Premier Financial Corp.
- Formerly: First Defiance Financial Corp.
- Company type: Public
- Traded as: Nasdaq: PFC
- Industry: Banking
- Founded: 1920; 106 years ago
- Headquarters: Defiance, Ohio
- Area served: Ohio, Michigan, Indiana, West Virginia, Pennsylvania
- Key people: Gary M. Small (president & CEO) Donald P. Hileman (executive chairman) Paul D. Nungester, (CFO)
- Revenue: ▲$0.148 billion (2017)
- Net income: ▲$0.032 billion (2017)
- Total assets: ▲$2.993 billion (2017)
- Total equity: ▲$0.373 billion (2017)
- Number of employees: 674 (2017)
- Website: yourpremierbank.com

= Premier Financial =

Premier Financial Corp., headquartered in Defiance, Ohio, is the holding company for Premier Bank. Premier Bank, headquartered in Youngstown, Ohio, operates 73 branches and 9 loan offices in Ohio, Michigan, Indiana and Pennsylvania.

==History==
The bank was established in 1889 as FIRST FEDERAL SAVINGS AND LOAN ASSOCIATION OF DEFIANCE.

In 2000, the name of the bank was changed to First Federal Bank of the Midwest.

In March 2008, the company acquired Pavilion Bancorp Inc. and its subsidiary, the Bank of Lenawee.

In 2012, the company repurchased the stock issued to the United States Department of the Treasury in connection with its investment in the company via the Troubled Asset Relief Program and in 2015 the company repurchased the warrants issued to the Treasury.

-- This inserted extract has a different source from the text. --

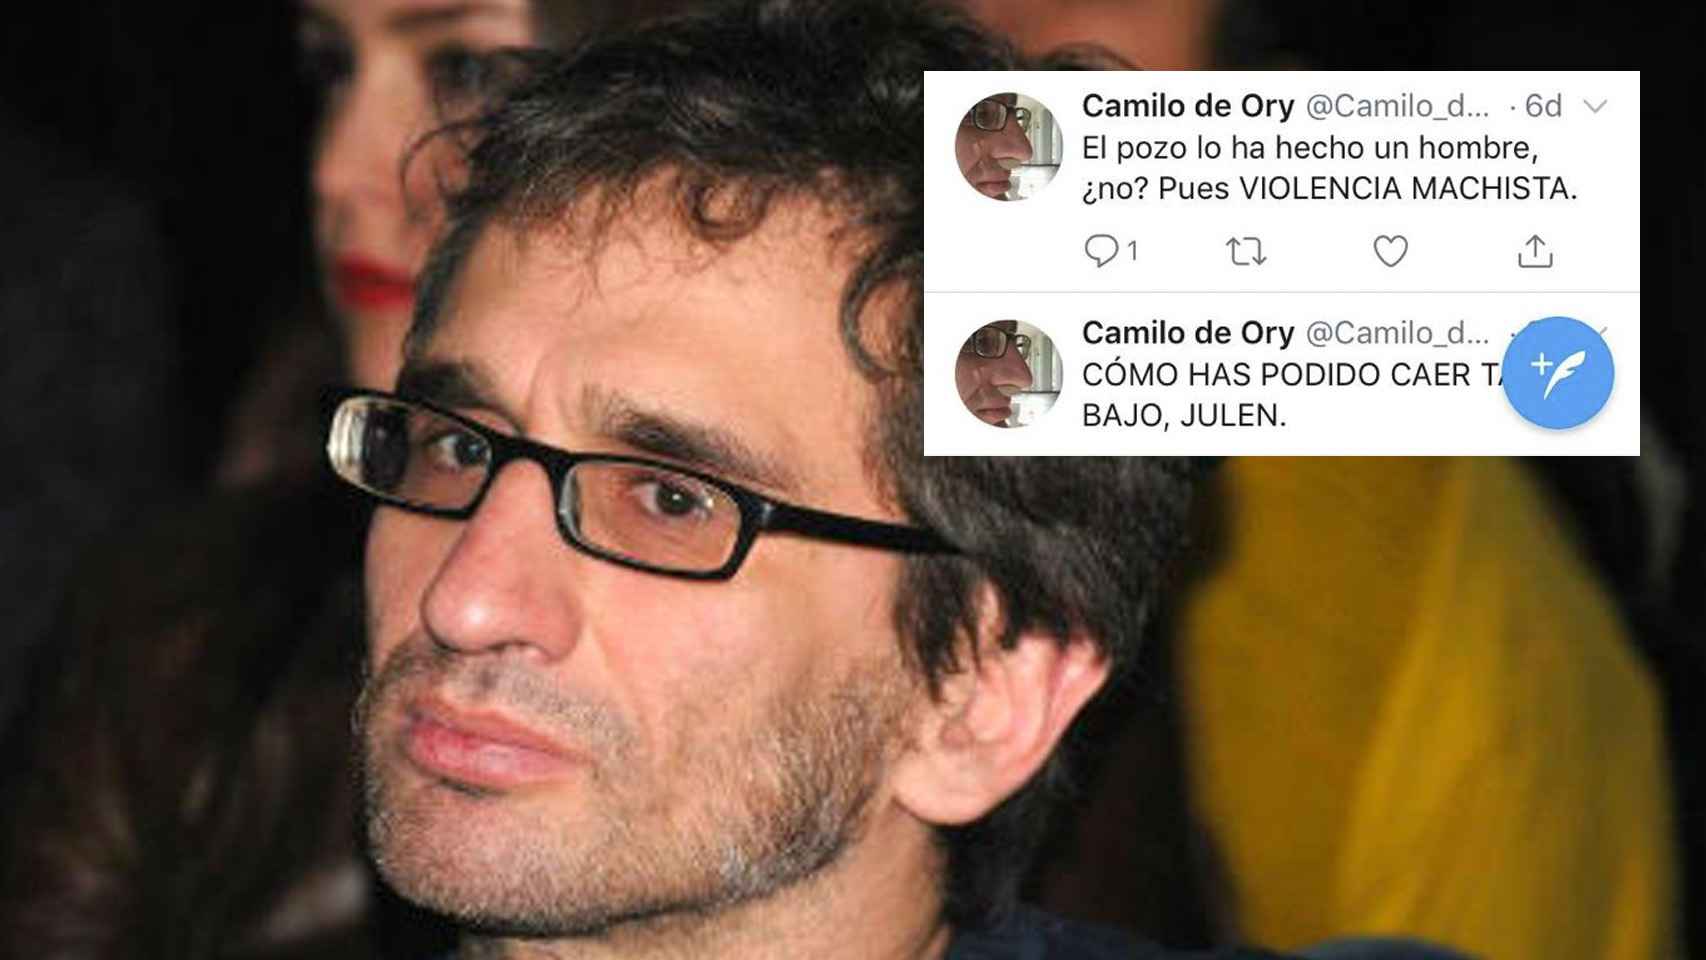 Los padres de Julen Roselló, el niño que murió al caer a un pozo en una localidad malagueña, han denunciado al poeta Camilo de Ory por sus tuits ofensivos sobre el menor y su familia.

In February 2014, the company announced a merger with First Community Bank and entered the Columbus, Ohio market. However, in April 2014, the merger agreement was terminated.

In February 2017, the company acquired Commercial Bancshares, Inc. and The Commercial Savings Bank for $70.3 million.

In January 2020, the holding company for First Federal Bank of the Midwest merged with United Community Financial Corp. In April 2020, the new company announced the unification of their banking businesses under the new name of Premier Bank.

In July 2024, the company announced its intention to merge with WesBanco in an all stock deal valued at $959 million.